Single Nucleotide Polymorphisms in Close Proximity to the Fibroblast Growth Factor 21 (FGF21) Gene Found to Be Associated with Sugar Intake in a Swedish Population

Nutrients 2021, 13(11), 3954; https://doi.org/10.3390/nu13113954
by Suzanne Janzi *, Esther González-Padilla, Kevin Najafi, Stina Ramne, Emma Ahlqvist, Yan Borné and Emily Sonestedt
Reviewer 1: Anonymous
Reviewer 2: Anonymous
Nutrients 2021, 13(11), 3954; https://doi.org/10.3390/nu13113954
Submission received: 15 September 2021 / Revised: 21 October 2021 / Accepted: 2 November 2021 / Published: 5 November 2021
(This article belongs to the Special Issue Nutrigenomics and the Future of Nutrition)

Round 1

Reviewer 1 Report

In this study, the authors clarified that two single nucleotide polymorphisms (SNPs) within the FGF21 gene, seven top hits from a GWAS on total sugar intake, and 13 one SNP within the FTO gene were  explored in relation to various forms of sugar intake in 22,794 individuals. These results were consistent with former studies, but there seems to be not new findings. At least, I could not find what the authors newly clarified.

Comments

  1. Did the author check the association between protein feeding and FGF21 SNP?  Reduced protein intake more potently stimulate FGF21 secretion as compared with sucrose feeding.
  2. The authors did not reconfirm the association between most of the previously 423 identified SNPs and sugar intake. Did the author check subgroup analysis (<65yo and >65yo)?
  3. The author should clearly describe what the authors newly identified. 

 

 

Author Response

Dear reviewer, Thank you for the valuable comments and suggestions for our manuscript. We have taken your feedback into consideration and adjusted the manuscript accordingly.

  1. Did the author check the association between protein feeding and FGF21 SNP? Reduced protein intake more potently stimulates FGF21 secretion as compared with sucrose feeding.

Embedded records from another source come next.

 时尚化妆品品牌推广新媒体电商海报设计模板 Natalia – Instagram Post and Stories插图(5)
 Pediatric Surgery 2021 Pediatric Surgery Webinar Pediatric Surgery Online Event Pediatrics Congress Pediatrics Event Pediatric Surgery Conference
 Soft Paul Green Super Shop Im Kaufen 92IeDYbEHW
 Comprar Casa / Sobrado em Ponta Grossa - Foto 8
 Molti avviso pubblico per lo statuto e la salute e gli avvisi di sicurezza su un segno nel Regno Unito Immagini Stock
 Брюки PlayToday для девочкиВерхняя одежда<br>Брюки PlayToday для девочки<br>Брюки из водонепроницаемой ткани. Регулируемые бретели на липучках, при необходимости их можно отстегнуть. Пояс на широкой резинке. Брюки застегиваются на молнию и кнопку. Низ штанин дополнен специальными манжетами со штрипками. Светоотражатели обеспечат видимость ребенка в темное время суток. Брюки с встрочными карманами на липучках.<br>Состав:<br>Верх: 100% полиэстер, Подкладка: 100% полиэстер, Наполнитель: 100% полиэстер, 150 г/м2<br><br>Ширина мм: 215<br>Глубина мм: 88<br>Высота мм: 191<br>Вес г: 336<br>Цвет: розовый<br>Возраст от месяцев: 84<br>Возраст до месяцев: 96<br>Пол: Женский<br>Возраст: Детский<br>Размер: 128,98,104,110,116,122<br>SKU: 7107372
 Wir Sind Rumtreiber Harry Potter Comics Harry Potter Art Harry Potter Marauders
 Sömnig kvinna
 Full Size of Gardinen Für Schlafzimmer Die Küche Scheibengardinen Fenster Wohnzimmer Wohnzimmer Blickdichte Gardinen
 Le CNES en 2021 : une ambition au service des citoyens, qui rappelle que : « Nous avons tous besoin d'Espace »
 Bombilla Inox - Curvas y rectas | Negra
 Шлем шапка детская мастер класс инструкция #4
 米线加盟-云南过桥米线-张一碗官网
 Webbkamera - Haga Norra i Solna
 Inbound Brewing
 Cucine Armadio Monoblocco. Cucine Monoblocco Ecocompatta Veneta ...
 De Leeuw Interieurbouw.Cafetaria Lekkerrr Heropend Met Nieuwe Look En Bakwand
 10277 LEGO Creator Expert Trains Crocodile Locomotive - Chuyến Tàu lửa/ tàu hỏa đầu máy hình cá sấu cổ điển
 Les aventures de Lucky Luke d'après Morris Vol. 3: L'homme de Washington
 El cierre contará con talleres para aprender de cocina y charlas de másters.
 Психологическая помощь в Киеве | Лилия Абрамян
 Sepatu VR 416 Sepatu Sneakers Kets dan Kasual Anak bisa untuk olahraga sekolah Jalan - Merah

    The included SNPs and their associations with macronutrient intakes were studied, including protein intake. Our findings for protein were in line with previous studies, as inverse associations between rs838145 G and rs838133 A and protein intake were found. This was previously mentioned in the discussion but has now been updated and further elaborated on (lines 365-379):

    “Our findings are in line with previous GWASs linking several variants within the FGF21 locus with macronutrient intake [17,20,37,38], and there is much support for FGF21 being the effector gene behind the associations between rs838133, rs838145, and rs8103840 and higher sugar intake. It has been demonstrated that the liver-derived hormone FGF21, encoded by the FGF21 gene, is released in response to sugar consumption [19,39], as well as following alcohol intake [40] and diets deficient in protein [41,42], additionally con-tributing to an explanation for the observed associations with lower protein intake in the present study. This FGF21 response signals via the central nervous system to suppress preference of sweet taste and sugar intake through a negative feedback loop to restore macronutrient balance [43-45]. This effect has been further demonstrated by the administration of FGF21 analogues in both animals and human, which has shown to suppress sweet taste preference [46,47]. Recent findings in mice have indicated that the primary dietary effect of FGF21 is rather on sugar and carbohydrate preference, than on protein preference per se [48], and effects on protein intake may primarily be in terms of substitution for carbohydrate.”

 

  1. The authors did not reconfirm the association between most of the previously 423 identified SNPs and sugar intake. Did the author check subgroup analysis (<65yo and >65yo)?

We did not carry out subgroup analysis for <65 years and >65 years, but based on the existing literature, subgroup analysis was carried out for BMI <25 and ≥25 as well as based on smoking status. Several posible explanations for the discrepancies in results between our and previous studies have been mentioned in lines 476-487:

"There are several possible explanations behind the discrepancies between our results and those reported by Hwang et al [16]. For example, none of the SNPs, except for rs11642841 within the FTO gene, reached the GWAS significance threshold in Hwang et al. [16], thus it is possible that they were chance findings. Another possible explanation is that many of the suggestive associations reported by Hwang et al. [16] were found for perceived intensity and preference of sweet substances, and not for sugar consumption per se, which was the aim of our study. Methodological factors that could influence the discrepancies in findings include the use of different dietary assessment methods and in populations with different sample sizes. Finally, the fact that the studies were conducted during different time periods could also influence any discrepancies of results found for sugar intakes between the studies, as the general consumption patterns could vary through time."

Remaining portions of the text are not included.